Has Biden ditched the environment?
Back in 2020, candidate Joe Biden vowed to be the greenest president in the history of the United States. This was not a nod to his political coming of age – the soon-to-be octogenarian has been around the block – but rather a reference to Biden’s super ambitious climate agenda.
Fast forward 15 months, and Biden, facing an unprecedented energy crisis, has been accused of doing an about-face on climate, veering into drill, baby, drill territory to encourage more oil production to boost dwindling global supplies.
Promises made, (some) promises kept. Focused on uniting a divided Democratic Party upon taking office, Biden vowed to go big on climate change mitigation. He followed through immediately with a series of executive orders, first rejoining the Paris Climate Accords ditched by his predecessor, realigning the US with nearly 200 countries that agreed to cooperate on keeping global warming levels below 2 degrees Celsius.
Biden also abandoned the Keystone XL Pipeline that would have pumped oil from Alberta, Canada, to the Texas Gulf. His friend next door, Canadian PM Justin Trudeau, had seen the writing on the wall but was still stung by the move. Importantly, the decision successfully appeased the left flank of the Democratic Party.
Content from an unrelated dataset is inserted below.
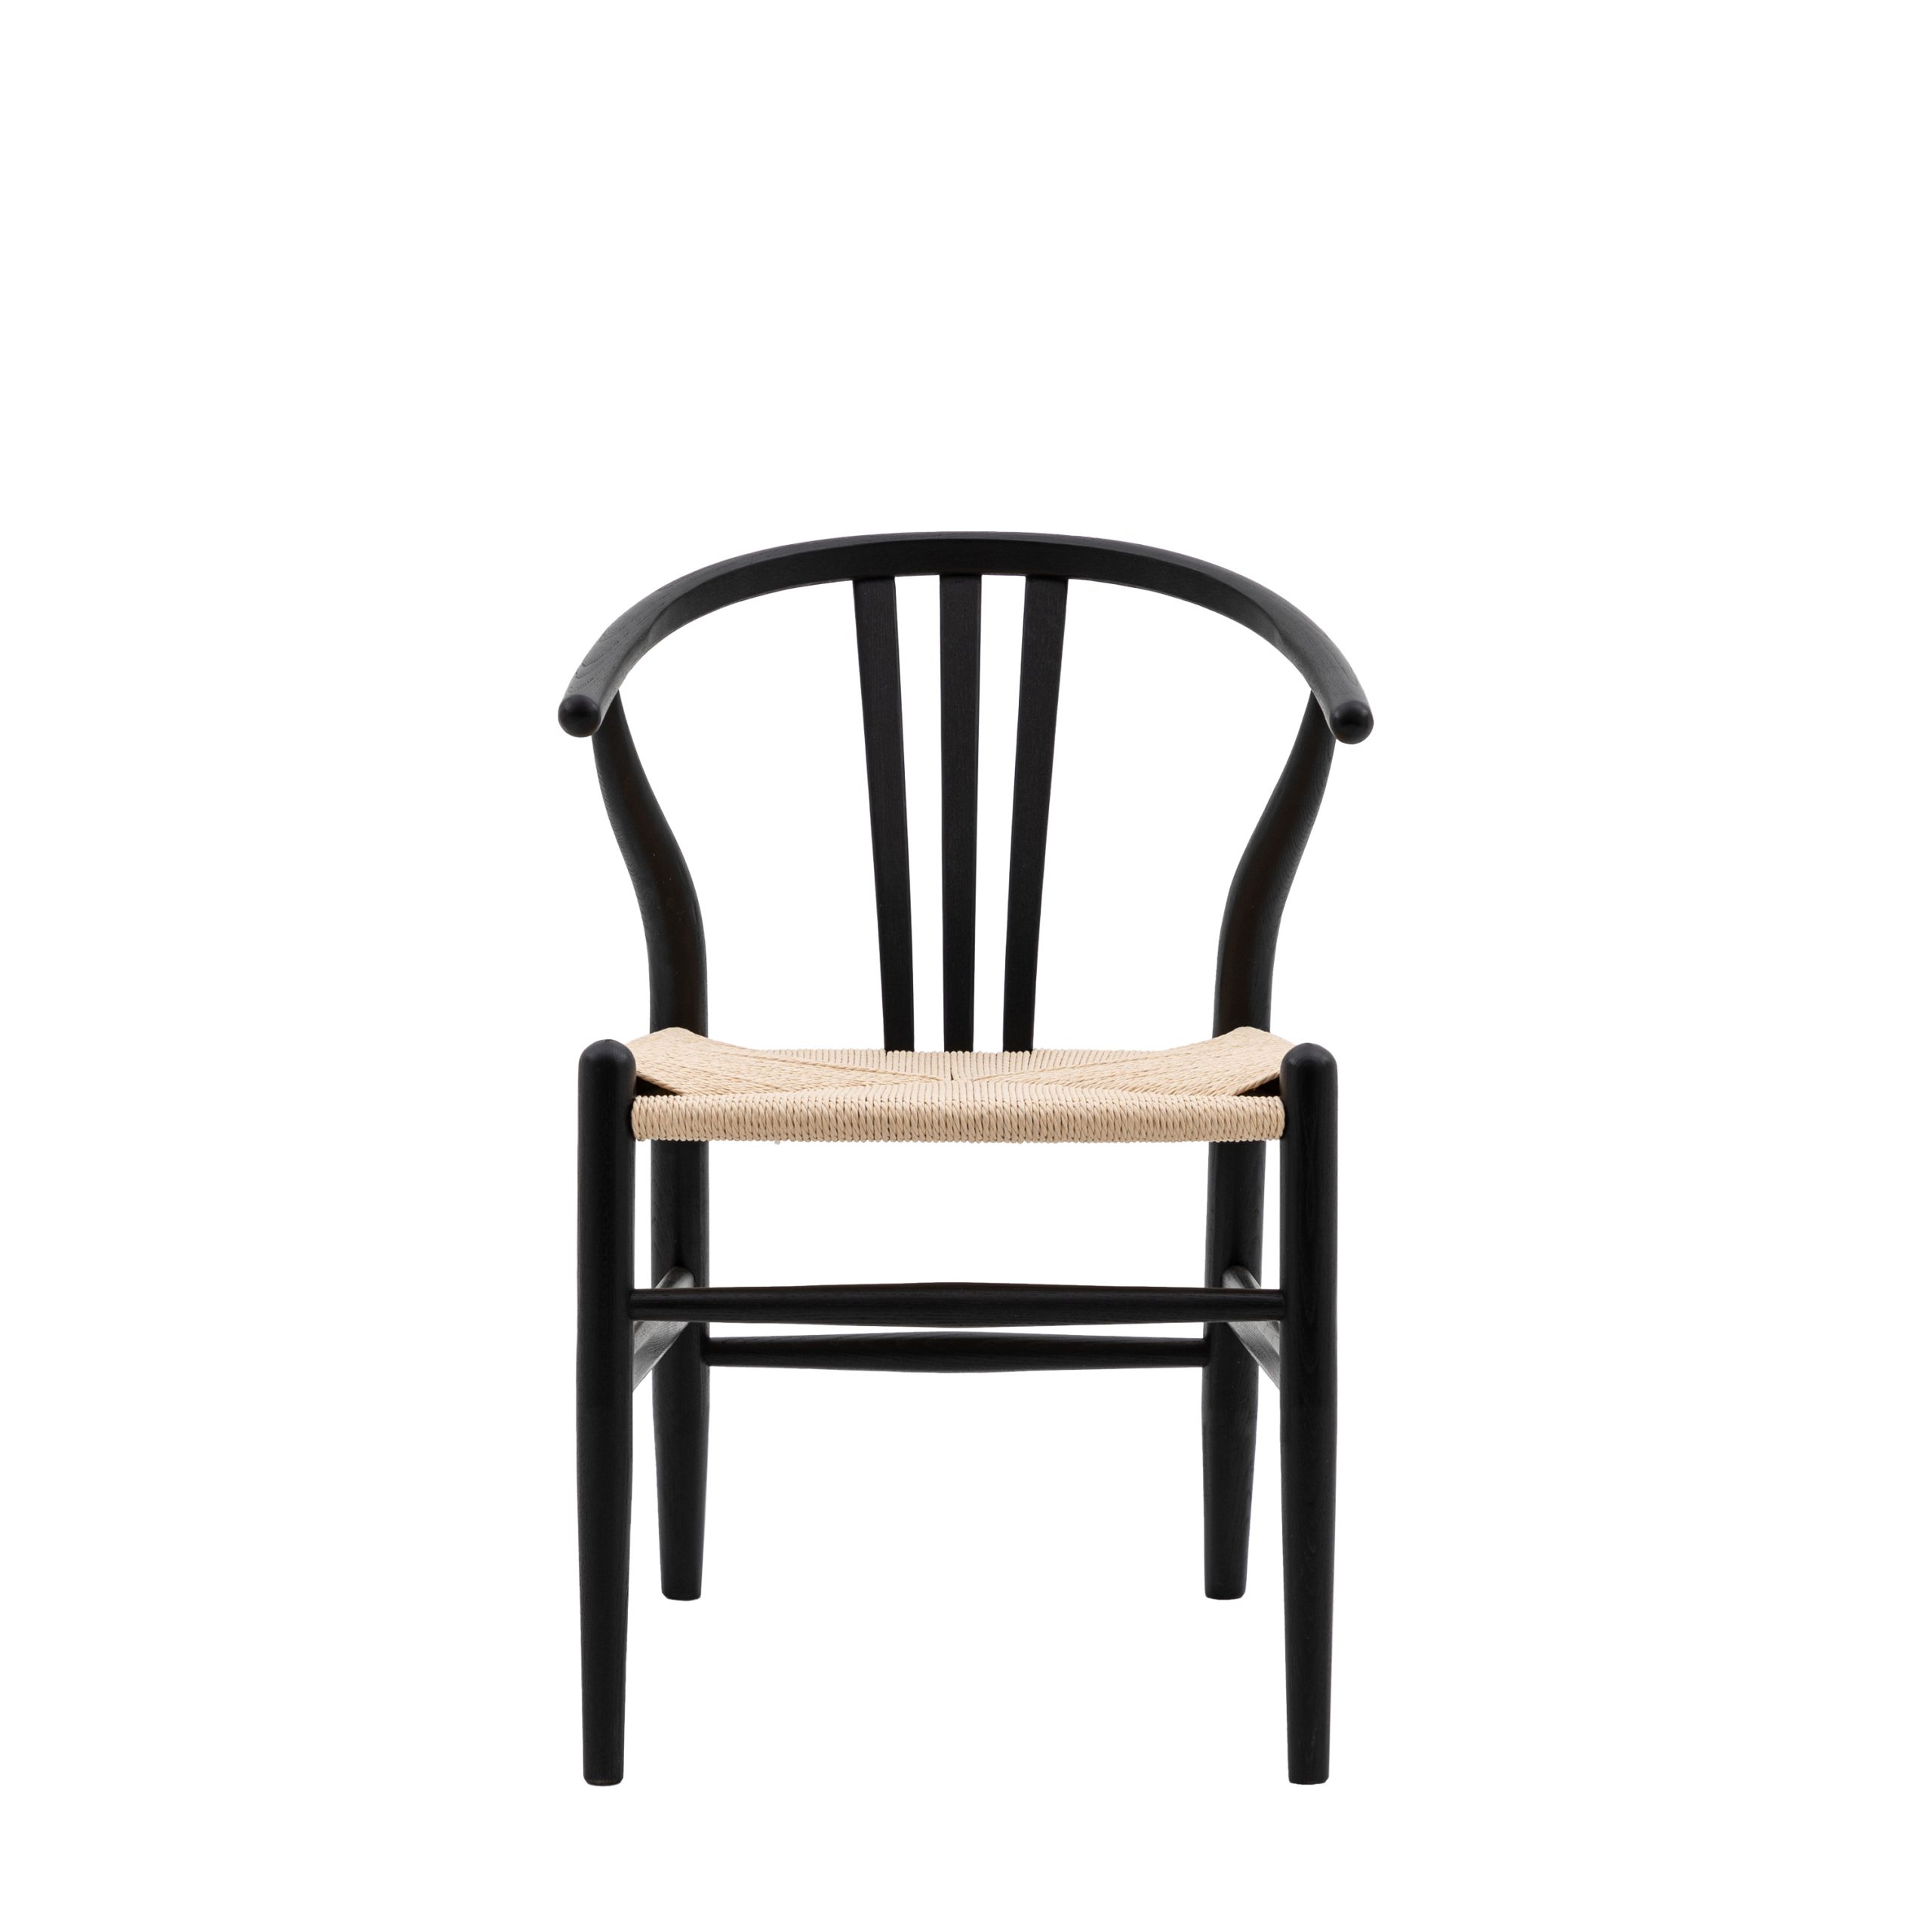 Gallery Direct Whitney Chair Black (Set of 2)

What’s more, while campaigning for the presidency, Biden said there would be “no more drilling” on public lands in a bid to curb fossil fuel extraction and achieve his goal of halving carbon emissions from 2005 levels by the end of the decade.
Enter Putin. Even before February 24, Biden was facing a series of political crises — COVID and the culture wars, inflation, immigration woes — that were hurting his poll numbers. But then Putin pummeled Ukraine, sending the global energy industry into a tailspin and further threatening Biden’s already-cratering credibility at home.
Biden has since tried to pin his inflationary woes on the Kremlin, using the pithy slogan “Putin’s Price Hike” to suggest that rising gas and food prices are an inevitable result of Russian aggression. But Americans remember that prices already started rising last year, so many aren’t buying it.
Desperate times. As oil and gas prices surged, an increasingly desperate Biden has appeared to flip-flop on some of his climate pledges. Crucially, his administration is opening up federal lands across nine states for oil and gas drilling, the first such move since Biden took office.
The embattled president is trying to show working-class Americans – whose support he is wooing ahead of crucial midterm elections in November – that he feels their economic pain. But for another core constituency – environmentalists, many of whom reluctantly backed him – Biden’s recent move is nothing short of a betrayal.
In a bid to placate the greenies’ grumblings, Biden has upped the royalties – from 12.5% to 18.75% – that energy companies must pay when drilling on these lands.
But this strategy could prove self-defeating, disincentivizing already-skeptical energy companies concerned about the costly investment and impact on market valuation from boosting production.
So will Biden’s ploy move the needle? Eurasia Group expert Shari Friedman says this was a political reaction more than an impactful one. It was “aimed at reducing anxiety and taking action in the face of rising gas prices,” she says.
“In reality, there is not much that the Biden administration can do to reduce domestic energy prices in the near term,” Friedman says.
It is one thing to sell leases, but getting an oil rig online takes a long time. “Developers already have vast reserves of both productive and currently undeveloped fossil-fuel leases, and any leases that occur today are unlikely to produce oil for many years,” says Max Sarinsky, a senior attorney at New York University’s Institute for Policy Integrity.
“There is considerable value in curtailing fossil-fuel leasing now and preserving the option to lease or not lease in the future,” he adds.
Complicating matters further is the fact that many of Biden’s climate policies are wrapped up in the Build Back Better Act, which is now dead in the water because of Democratic holdouts. Short of getting that passed – which looks like a pipe dream – Biden is going to struggle to make major investments in emission-reduction schemes anytime soon.
Meanwhile, the president is getting an earful from some Democrats and special interest groups that say he’s reneged on promises that helped secure their backing. But given the severity of the current energy crisis, was there another way?
“I don’t think this was necessarily inevitable from the start, but it is the logical outcome of where we find ourselves,” says Director of Eurasia Group's US desk, Clayton Allen, noting the benefit of hindsight.
But Allen also points out that Biden’s hands were largely tied because of a court order banning his administration from pausing the issuance of new permits for oil and gas leases on federal lands (the litigation is ongoing).*
Western responses to Russia’s aggression have also played a role. The West’s “willingness to respond strongly has expanded the dislocations to oil supply resulting from the war,” Allen says, adding that “markets face an increasing pinch the longer the war goes on.”
Politicians often go back on their word when faced with new realities. But for Biden, who heads an extremely unwieldy Democratic Party, the main problem is that the people he needs on his side want very different things.
* This story was updated on April 29, 2022.